Viewers happening upon Into the Abyss with limited prior knowledge of the situation aren’t told, for instance, how often Palestinians were being killed by Israel before 7 October, or how many were being detained without legal process in Israeli detention centres. They are, however, shown scenes of celebration in Gaza on 7 October; and when Israeli bombs begin to fall on Gaza, the film includes footage of a stretcher-bearer shouting “Allahu Akbar!” as he carries a victim to hospital, moments after Hamas terrorists have been seen saying the same before massacring civilians.

Difficult choices are everywhere in a programme like this but, even as it gives voice to the Gazan people and shows a good deal of the suffering imposed on them, the omissions in Into the Abyss tend to favour Israel. That Israel has “tightly restricted” supplies moving into Gaza isn’t an adequate description of how food, power and water have been used as weapons of war, although we do hear about Gazans becoming so hungry they fight over bags of flour. We are shown whole residential areas reduced to rubble, without quite seeing the extent of the destruction across Gaza. Appalling scenes of carnage are included – one heartbreaking moment shows a young woman at the location of a missile attack, saying: “I’m trying to find any part of my father for us to bury” – but there is nothing to match the hundreds of clips that people following the conflict online have seen every day.

Into the Abyss does, however, go further than almost any other western media portrayal of the devastation.
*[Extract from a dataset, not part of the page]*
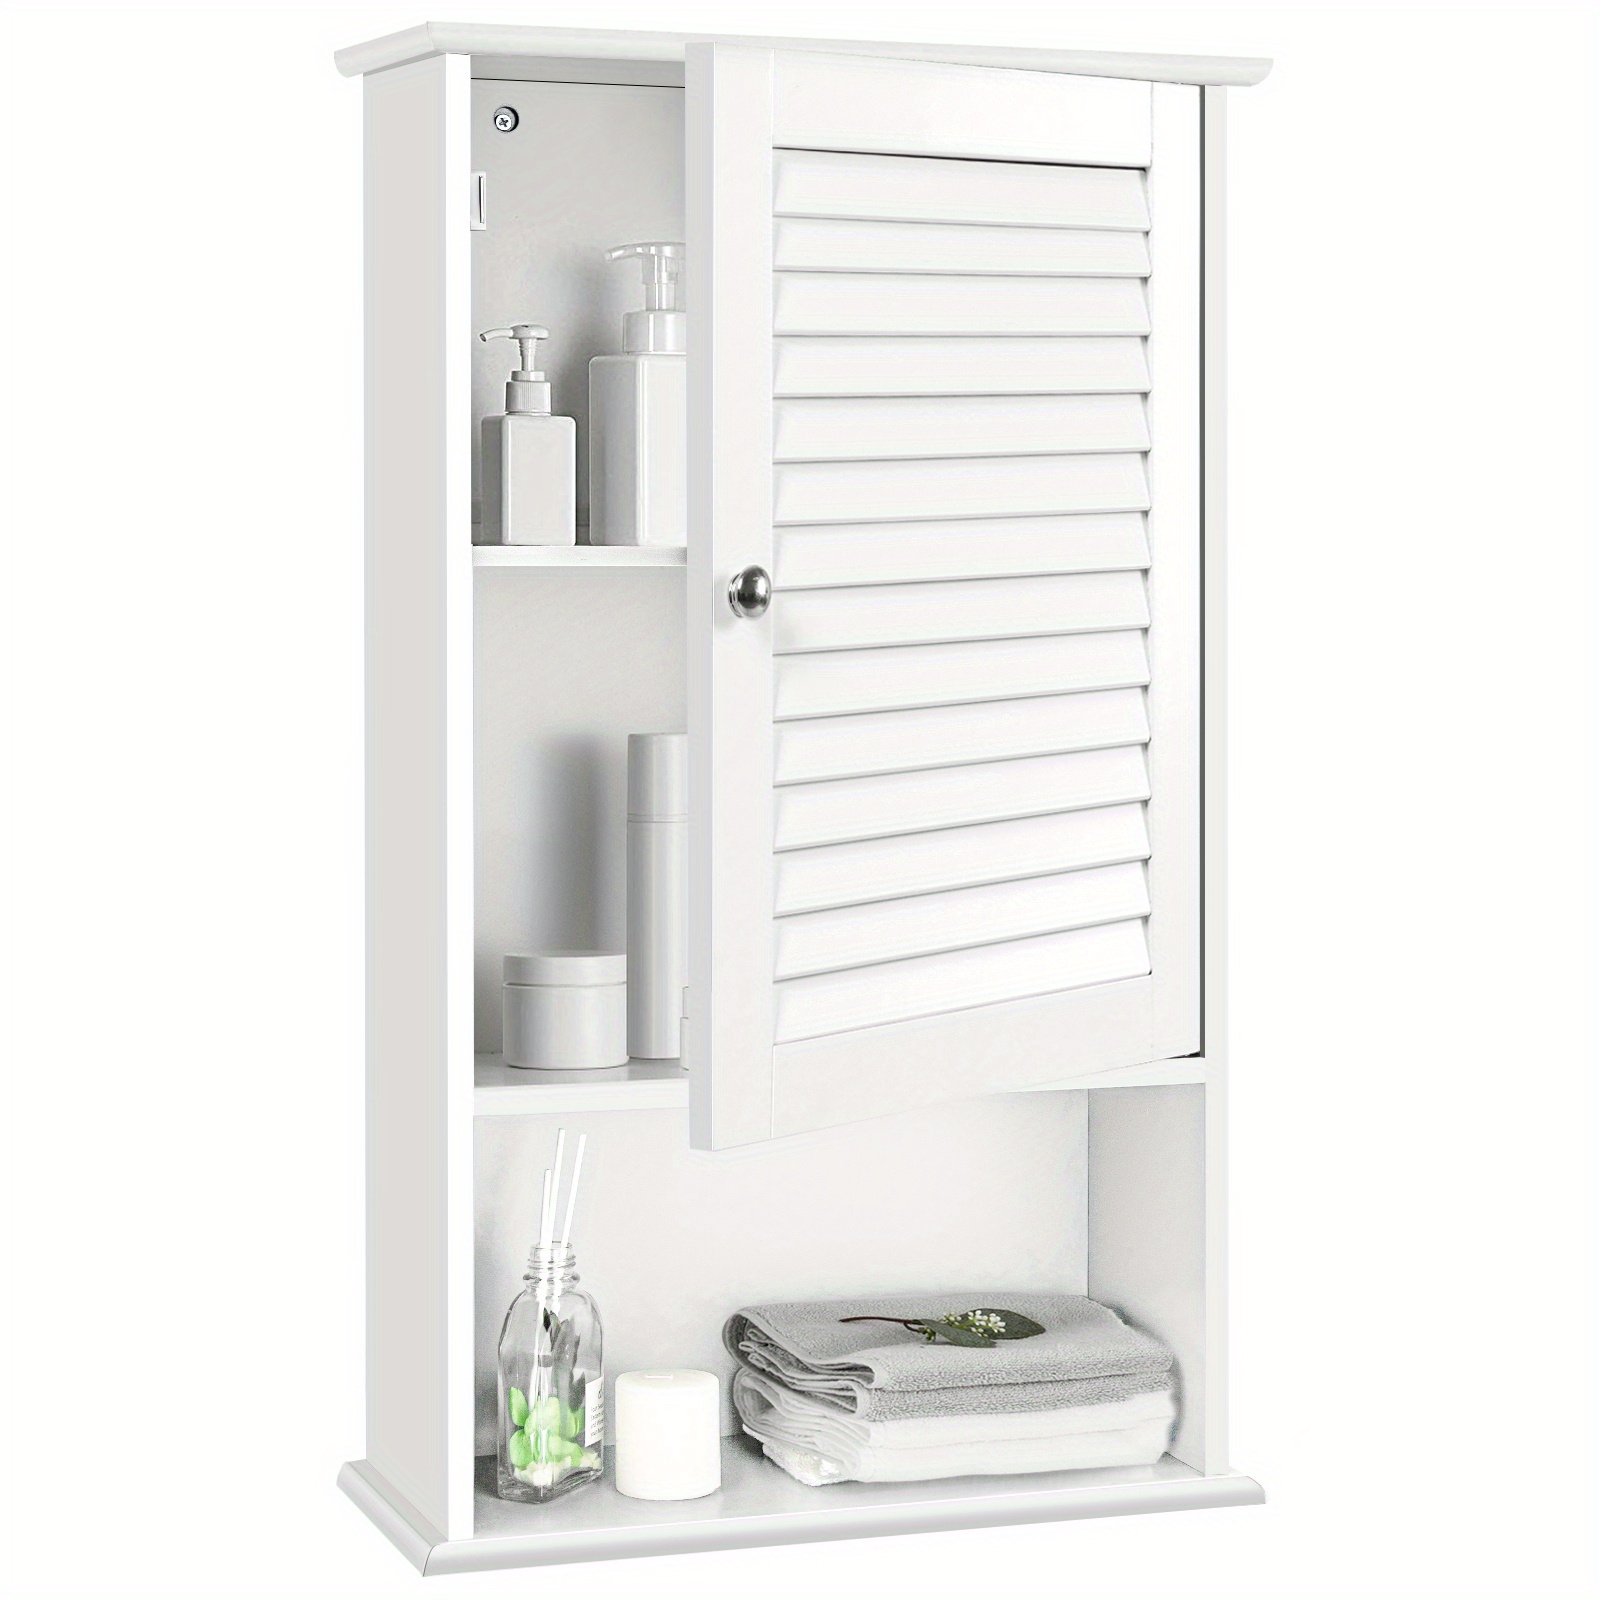 

Giantex Bathroom Wall Mount Storage Cabinet Single Door W/height Adjustable Shelf White

Particularly harrowing are the footage and interviews covering the attack on the Indonesia hospital in November: the shot of a destroyed ward, with a child lying dead on the bed where they had been receiving treatment, is stark, and when it turns out that a doctor relaying his experiences of dealing with impossible casualty numbers was subsequently arrested and detained in a facility where he says Gazans were routinely abused, we have some idea of the layered injustices people there have suffered.

Does it amount to genocide? Viewers are given just enough material to arrive at their own conclusions. But at every turn, so much more could be said.

• Israel and Gaza: Into the Abyss aired on ITV1 and is on ITVX now.